Bishop McNally High School is a part of the Calgary Catholic School District in Calgary, Alberta, Canada. The school is named after John Thomas McNally, founder of the diocese who was appointed Bishop of Calgary from 1913 to 1924.

== Academics ==

The school offers Advanced Placement classes in Art, Biology, Calculus, English, Social Studies, Mathematics, Science, French, Religion, Chemistry, and Physics. French speaking students have the choice of taking the Extended French Program. Other modern languages as well are provided at the school including French Second Language (FSL) and Spanish. Students may choose to take the modern languages at a 10, 20, and 30 level.
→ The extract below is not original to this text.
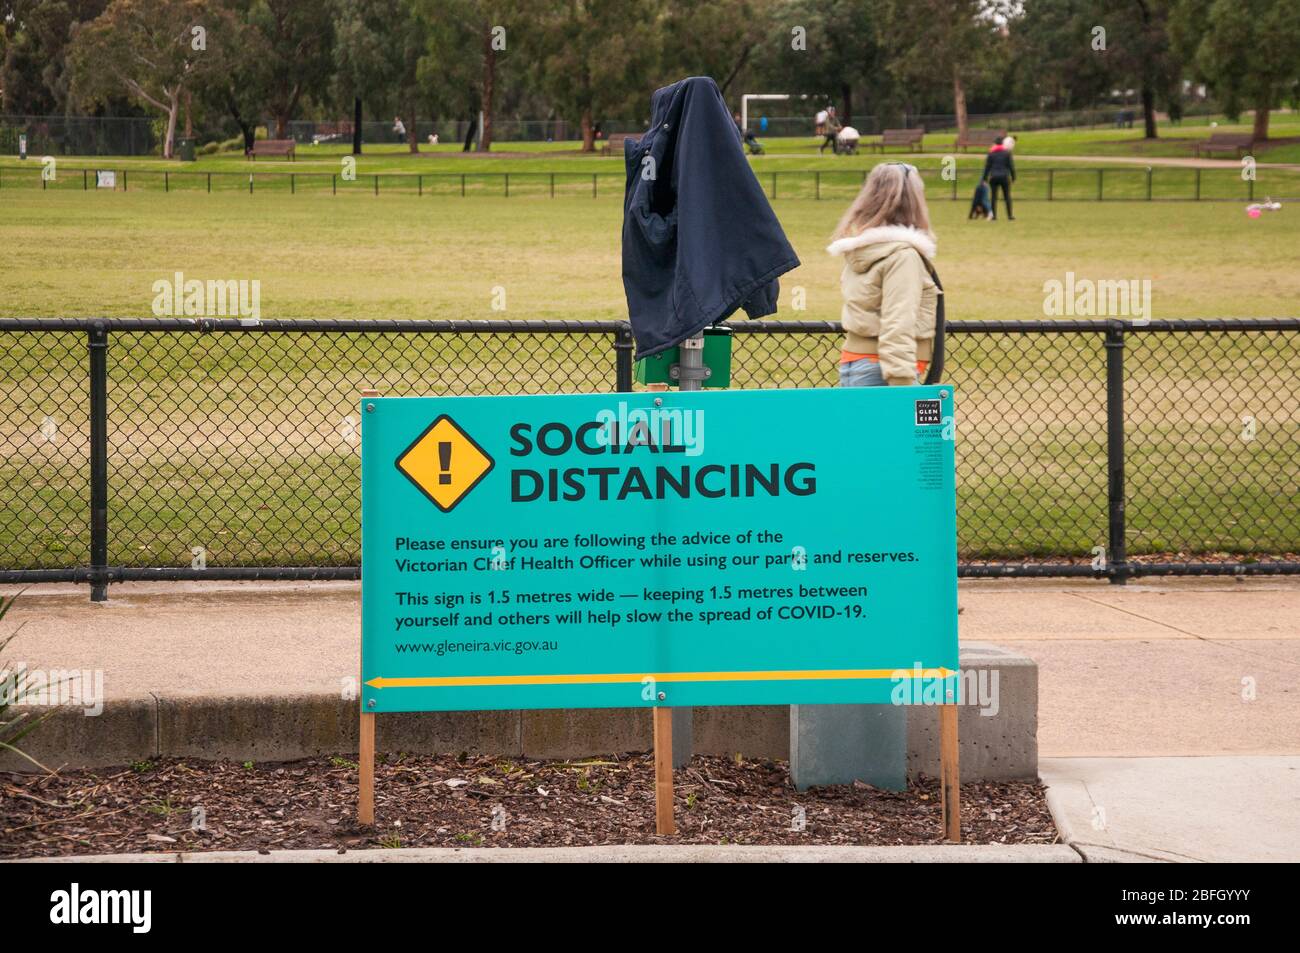 L'avis des autorités locales dans un parc de banlieue favorise les distanciation sociale pendant la pandémie COVID-19, Melbourne, Australie Banque D'Images
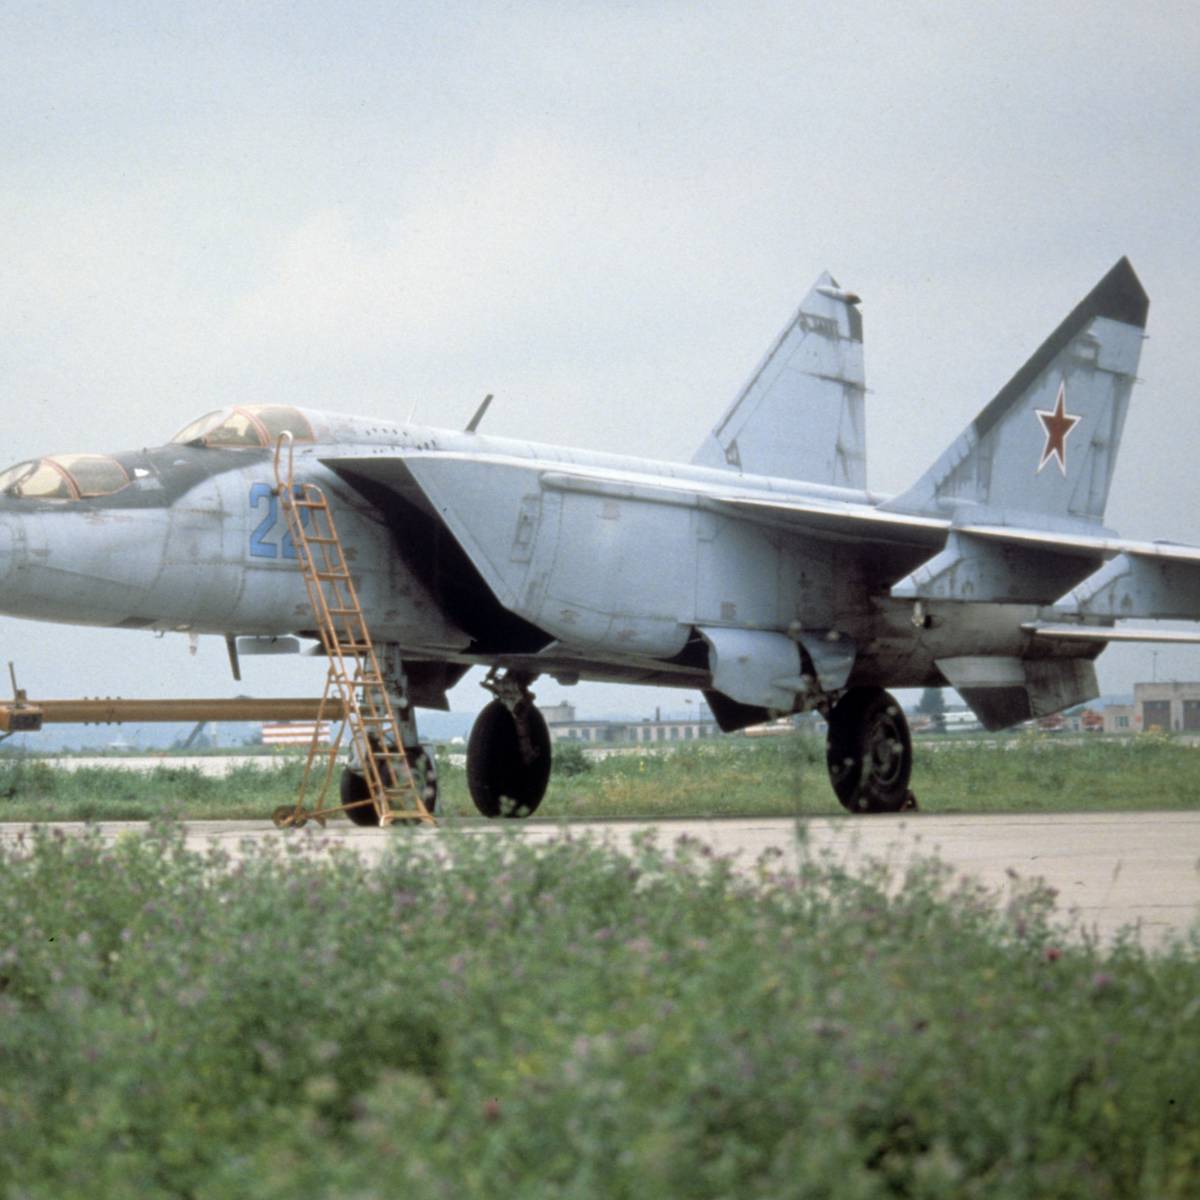 Достойные соперники: как истребители МиГ-25 сражались с F-15 Eagle

The school is part of the Action for Bright Children Society.

== Fine Arts ==

The school provides a prestigious range of fine arts courses. Students have a choice of taking any of their preferred courses in which are offered by the school. The courses of Art (which is also offered in Advanced Placement), Dance, Drama, Music and Technical Theatre are provided. The classes are course credit classes, and can be taken in either 3 credit or 5 credit.

== YMCA Bishop McNally ==

The YMCA had formed a partnership with Bishop McNally allowing students the opportunity to sign up for a membership as well as offering existing YMCA members access to a variety of physical fitness facilities. The services are open to the public after school hours during the week and during the day each Saturday. However, a recent decision by the YMCA will mean the closure of their programmes and the ending of their relationship with the High School from 21 December 2007. Facilities for the community will continue to exist, managed by the High School.

== Youth Volunteer Corps ==

As part of The YVC Clubs in Schools program, a sub-program of Child and Youth Friendly Calgary, Bishop McNally High School encourages students to attend weekly meetings focused on the creation of in-school volunteer activities.